Despite its patent beauties, Melville’s novel was, like Whitman’s Leaves of Grass, a “language experiment” that struck many of its, first readers as overwrought and bewildering. “Not worth the money asked for it, either as a literary work or as a mass of printed paper” was the judgment of the Boston Post, and although other reviewers appreciated its “easy, rollicking freedom of language and structure,” Moby-Dick was regarded at best as a curiosity and at worst a botch. In some moods Melville claimed to be unhurt by the public rebuke; he was, he wrote to Hawthorne, “content to have our paper allegories ill comprehended.” But in other moods he was devastated that he had failed to touch the nerve of the American public. That Melville was disappointed is hardly surprising, but that he was bitterly shocked is a sign of what was at stake. He wrote Moby-Dick in a messianic fervor because he wanted to save his country from itself.

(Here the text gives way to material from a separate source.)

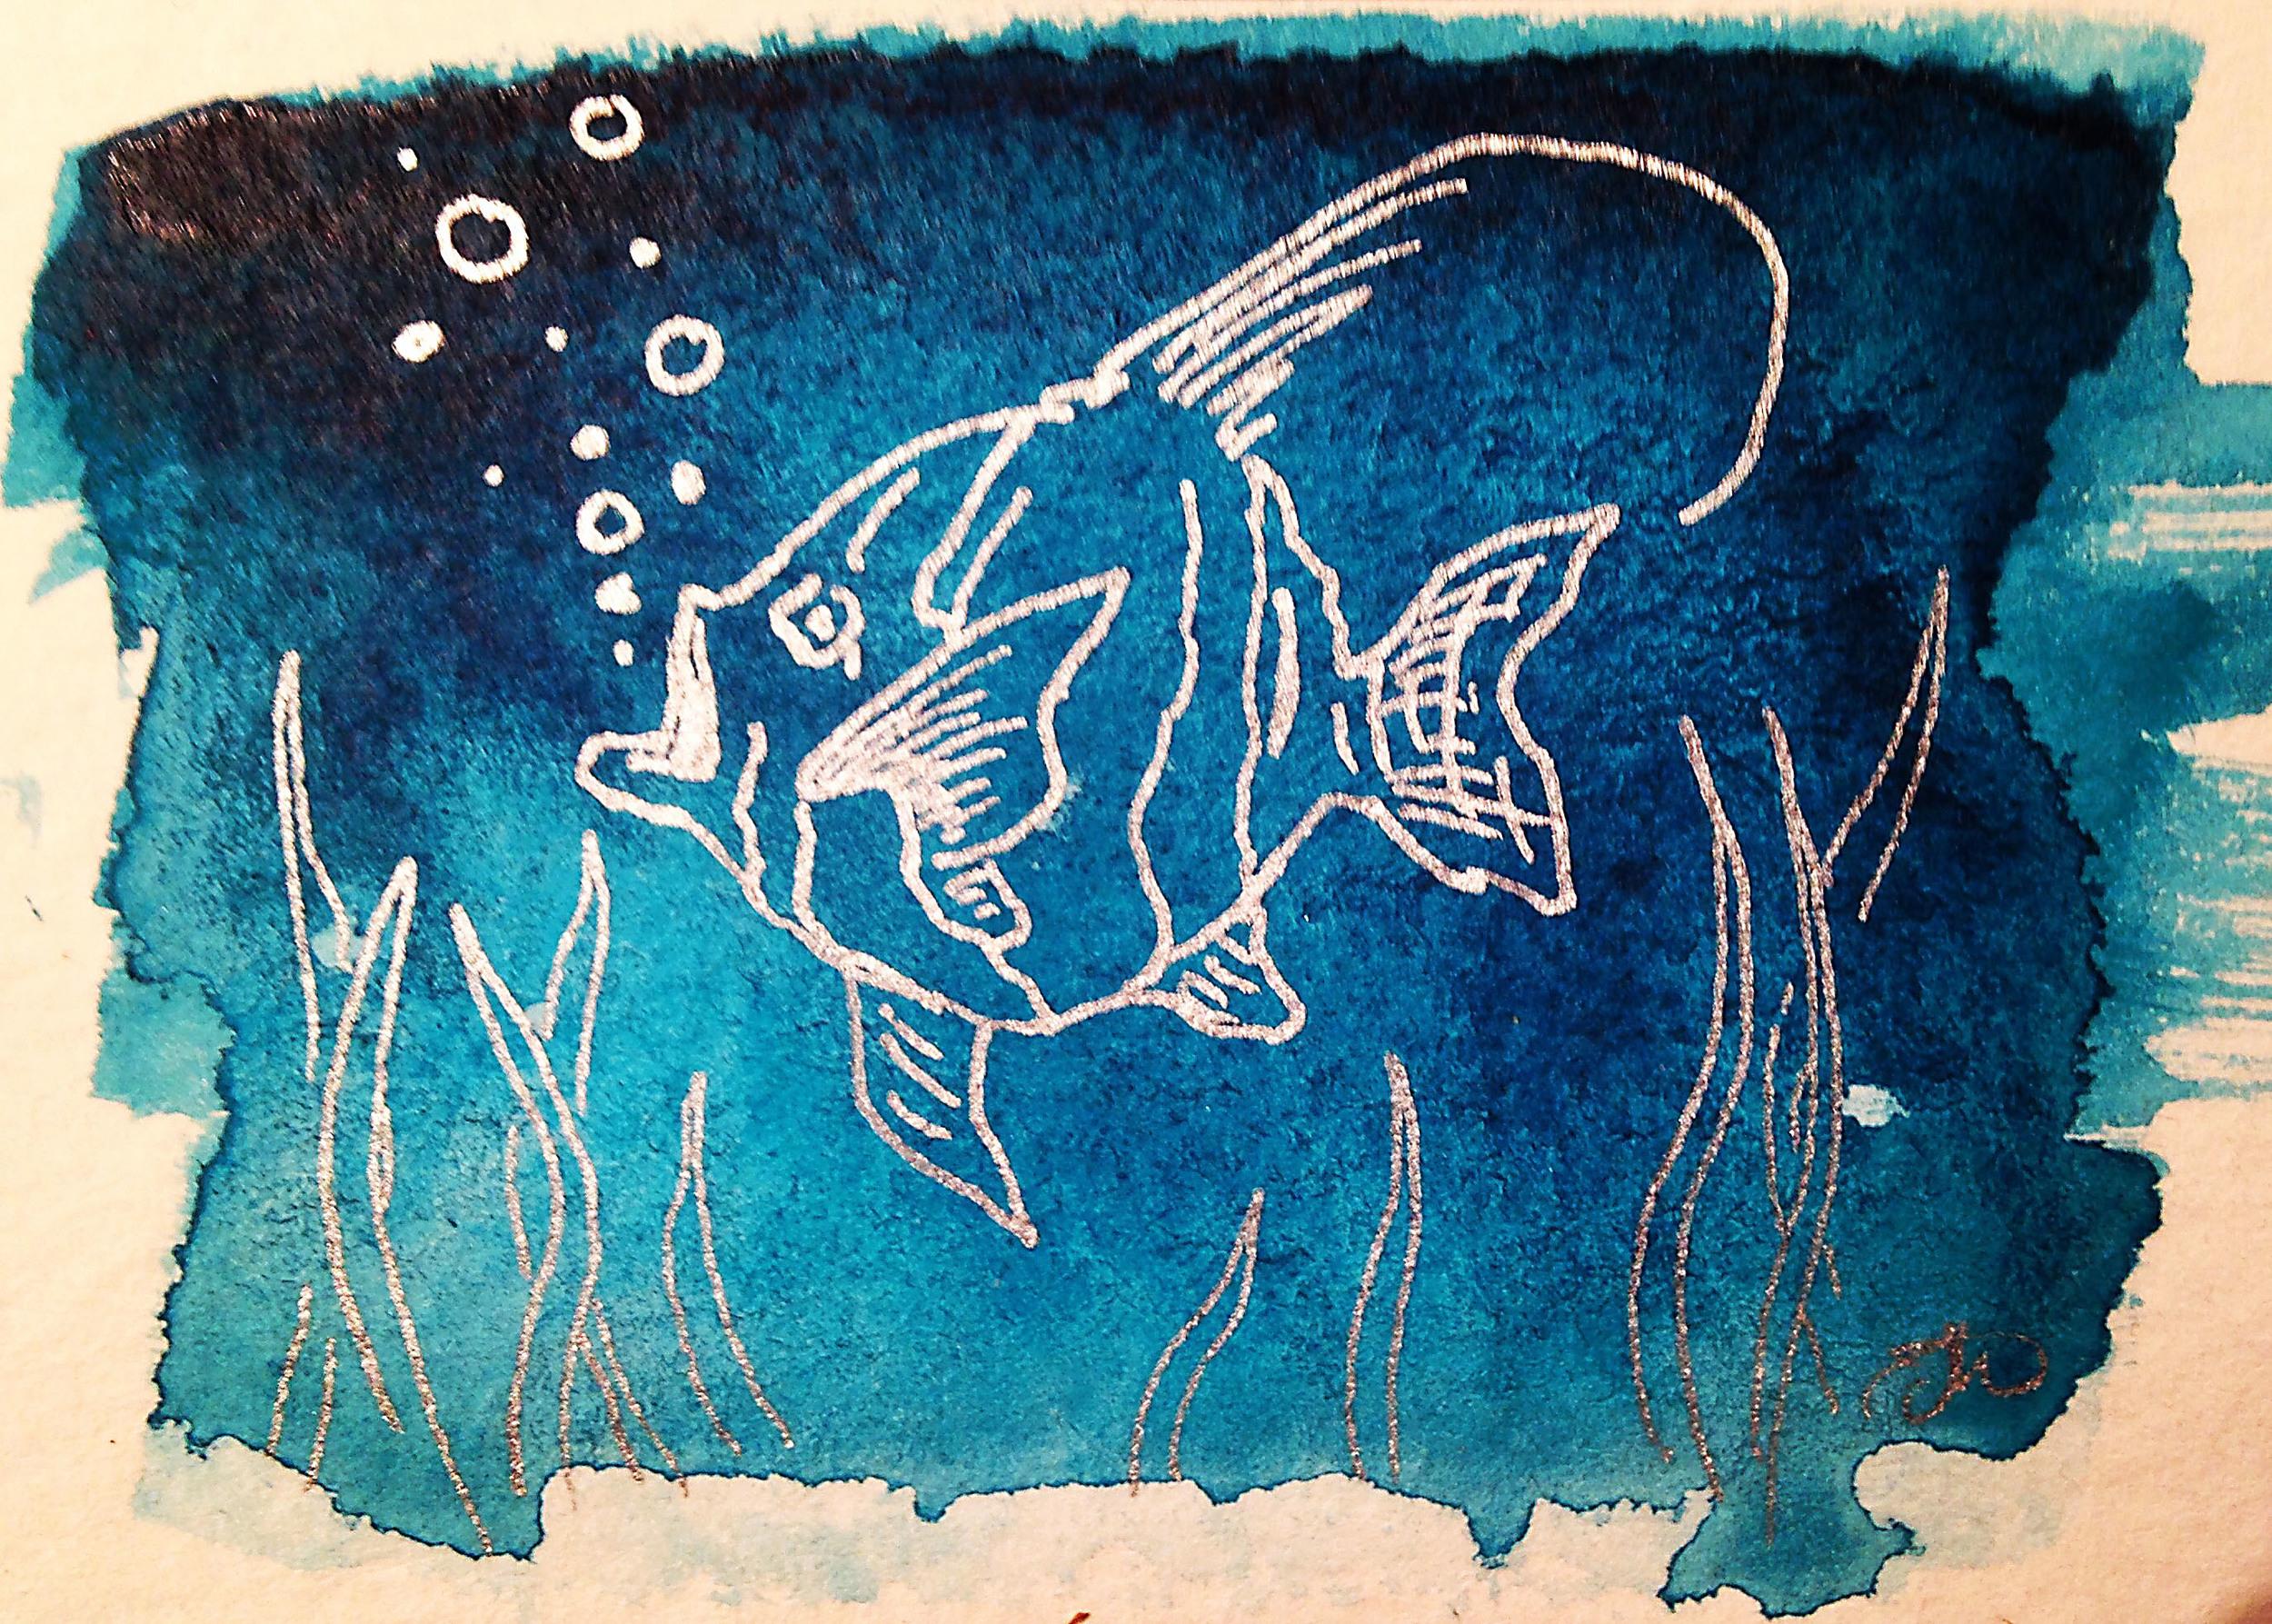 Day 6, 'Zanclus cornutus or Fishie'

One way to approach Melville’s forbidding text is to regard it as part of his lifelong meditation on America. The country into which Melville was born in 1819 was a nation where the vestiges of aristocracy were fading, and where anyone who defended the idea of inherited privilege ran the risk of being charged with treason. National politics, the conduct of which had once been handed back and forth between New England blue bloods and Virginia gentry, was becoming the scene of feisty combat among populist heroes like Andrew Jackson and political professionals like Martin Van Buren. But even as the disfranchised Melville chafed in this vulgar country, he relished its impatience with pretension and the liberation it promised from the burdens of the past. In Pierre: or the Ambiguities, the novel he wrote just after Moby-Dick, he remarked that
in countries like America, where there is no distinct hereditary caste of gentlemen, whose order is factitiously perpetuated as race-horses and lords are in kingly lands; and especially, in those agricultural districts, where, of a hundred hands that drop a ballot for the Presidency, ninety-nine shall be of the brownest and the brawniest; in such districts, this daintiness of the fingers, when united with a generally manly aspect, assumes a remarkableness unknown in European nations.
Melville’s early years were spent in an effort to come to terms with his own “remarkableness.” It was a strenuous effort, in which the young man struggled against an insurgent biliousness that he disliked in himself.